Implementing `Index` for enums to get-variant-or-panic


#1

In short, I want to be able to do let x = X::A(5); x[X::A];, where it panics (like a Vec out of range) if it’s not the correct enum variant.

I’ve tried quite a few different approaches which I won’t list here for brevity. Here is a simple example of the kind of thing I’m looking for:

#![feature(unboxed_closures)]
enum X {
	A(u8,u8),
	B(u8)
}
impl<F,T> std::ops::Index<F> for X where F: std::ops::Fn<T, Output=X> {
	type Output = T;
	fn index(&self, x: F) -> &T {
		unimplemented!();
	}
}
fn main() {
	let a = X::A(10,11);
	let b = X::B(12);
	println!("{:?}, {:?}", a[X::A], b[X::B]);
}

This complains because T is unconstrained (since a single type can implement Fn multiple times for different types).

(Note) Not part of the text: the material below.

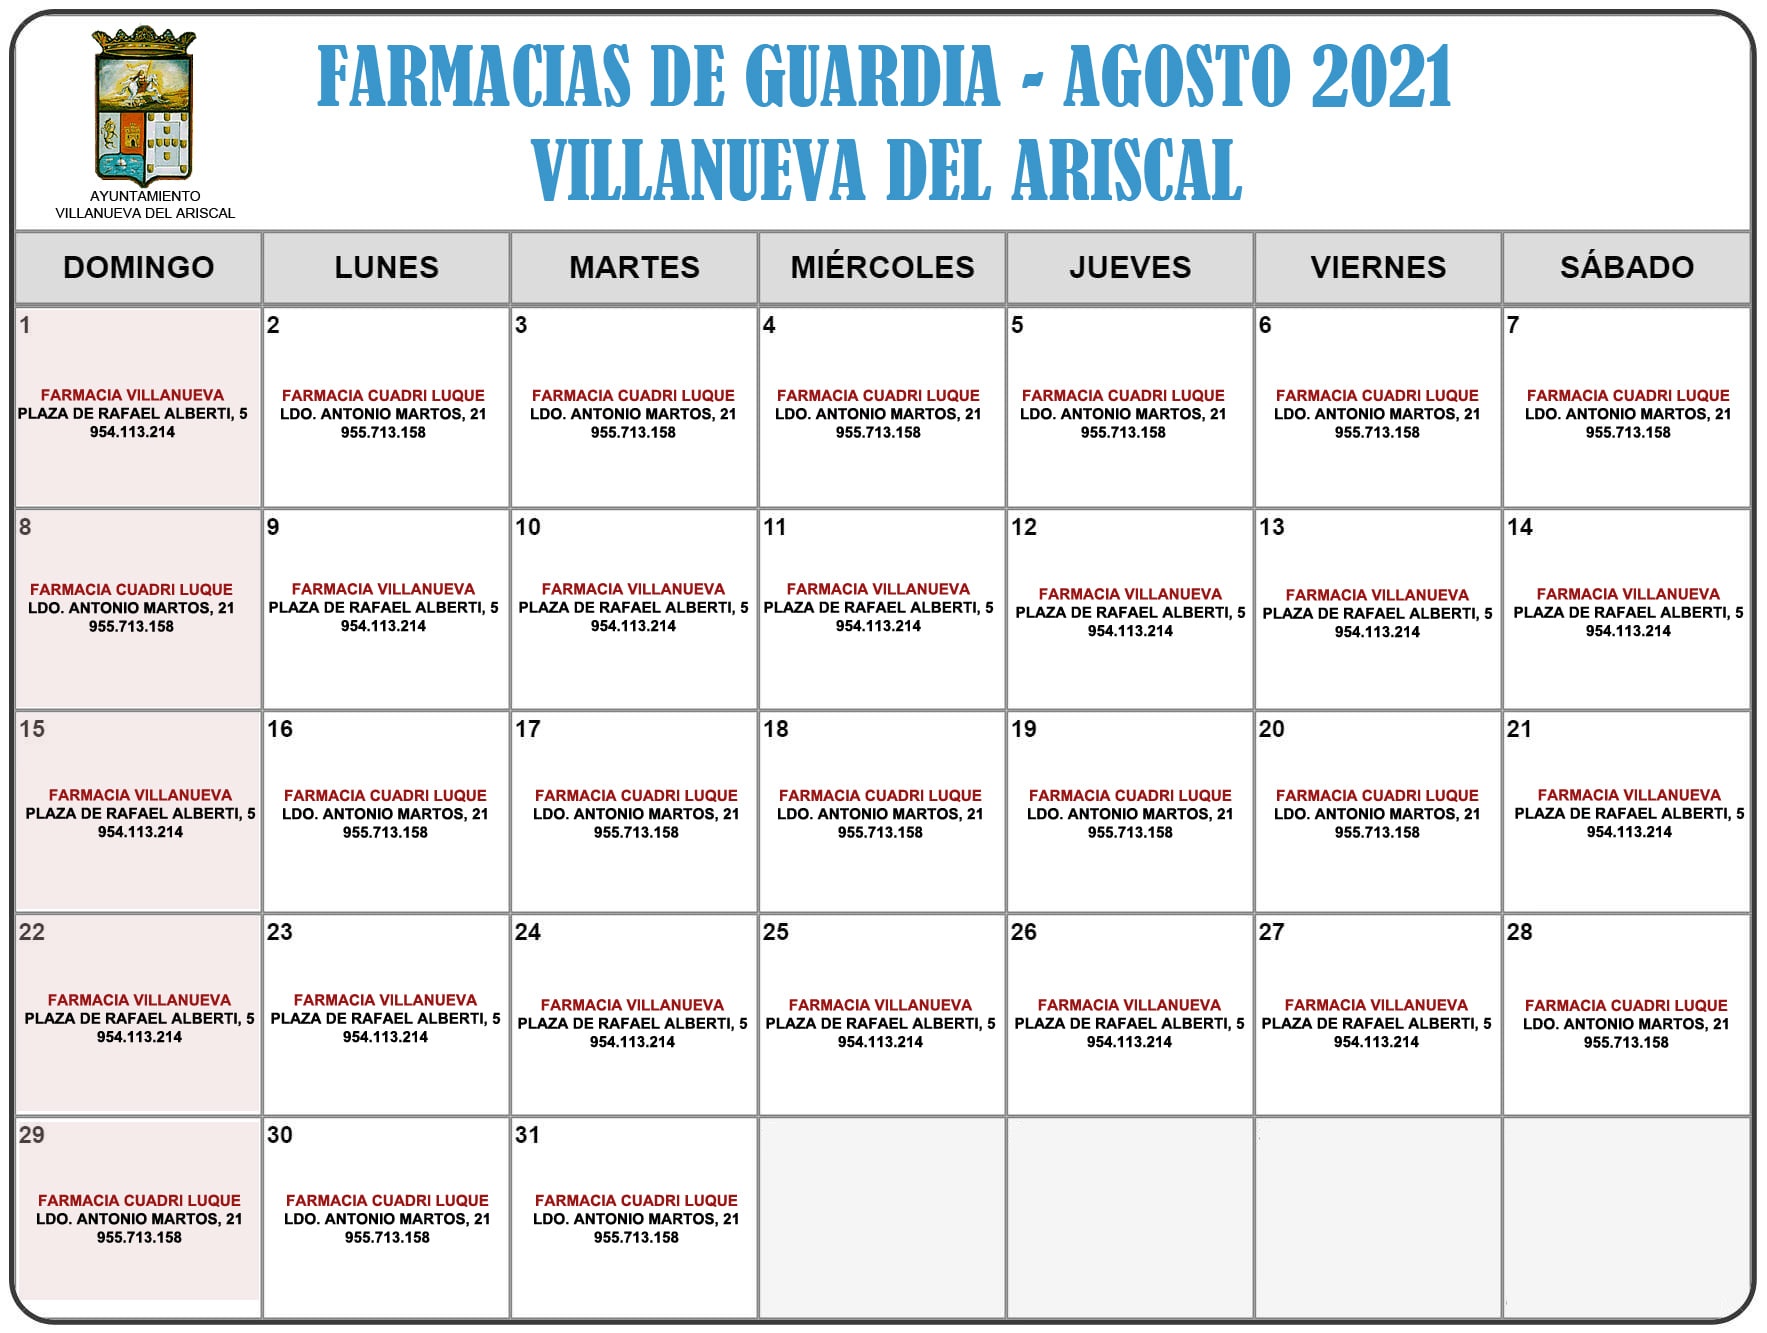 FARMACIAS DE GUARDIA AGOSTO 2021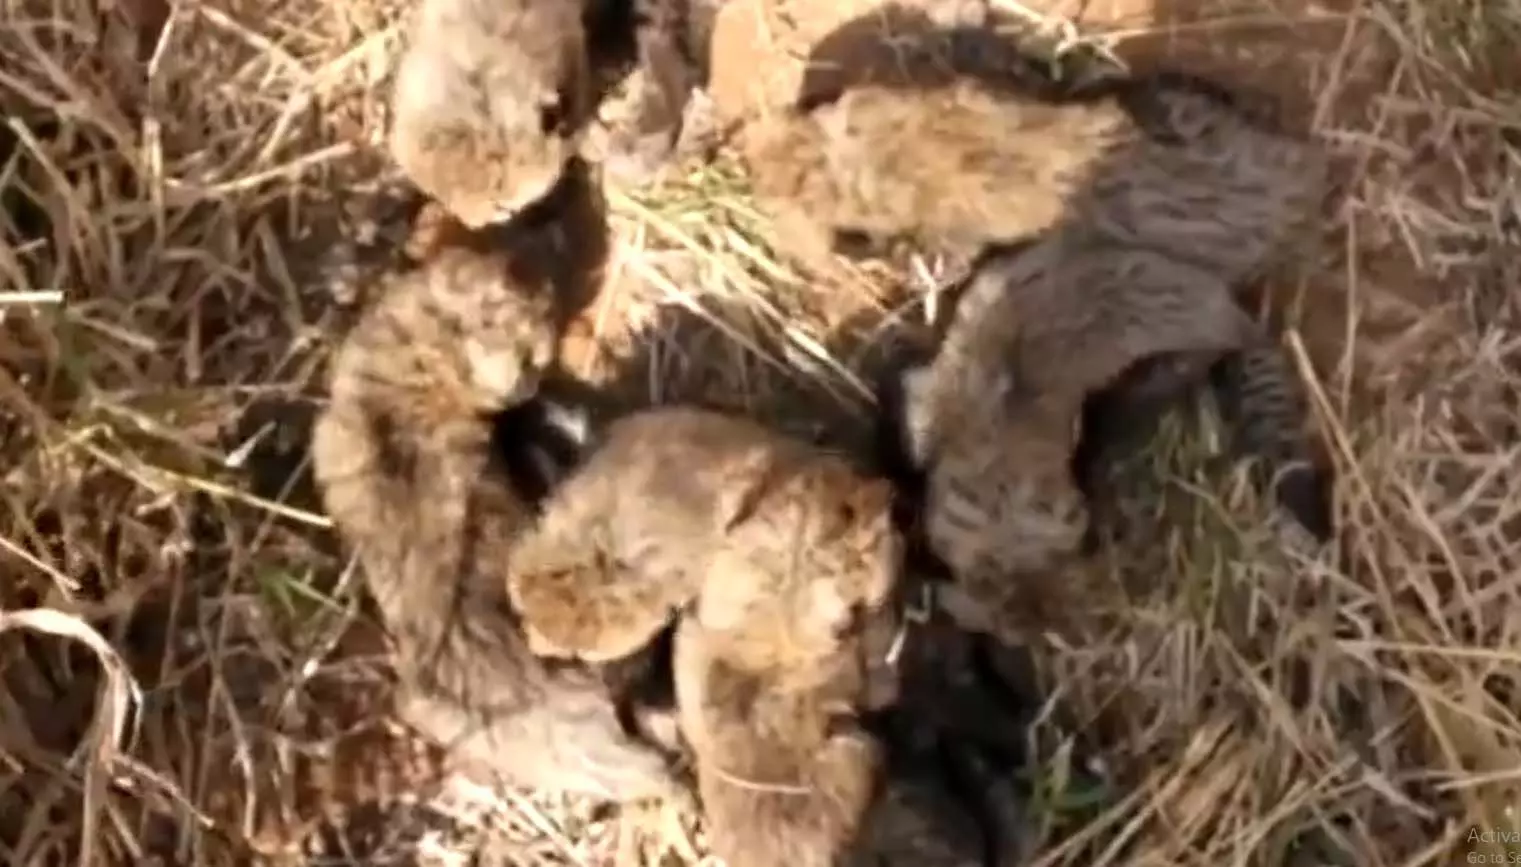 कूनो नेशनल पार्क में चीता गामिनी ने 5 नहीं 6 शावकों को दिया था जन्म, VIDEO

I’m aware that I can do this easily in a number of ways (e.g. a[X::A.some_method()], a[method(X::A)]), but I’m interested in whether this can be done as-is.


#2

I waved away the other ways of doing this by just saying they’re ‘easy’, but I’ve realised this isn’t actually possible to do in general.

Given X::A above, Index promises it will return a &T for some T. But there’s actually no T that’s valid to return a reference to - you can’t return a tuple reference pointing to the enum data because that makes assumptions about the enum data layout, and you can’t construct any other type and return a reference because it’ll die when the stack frame goes away.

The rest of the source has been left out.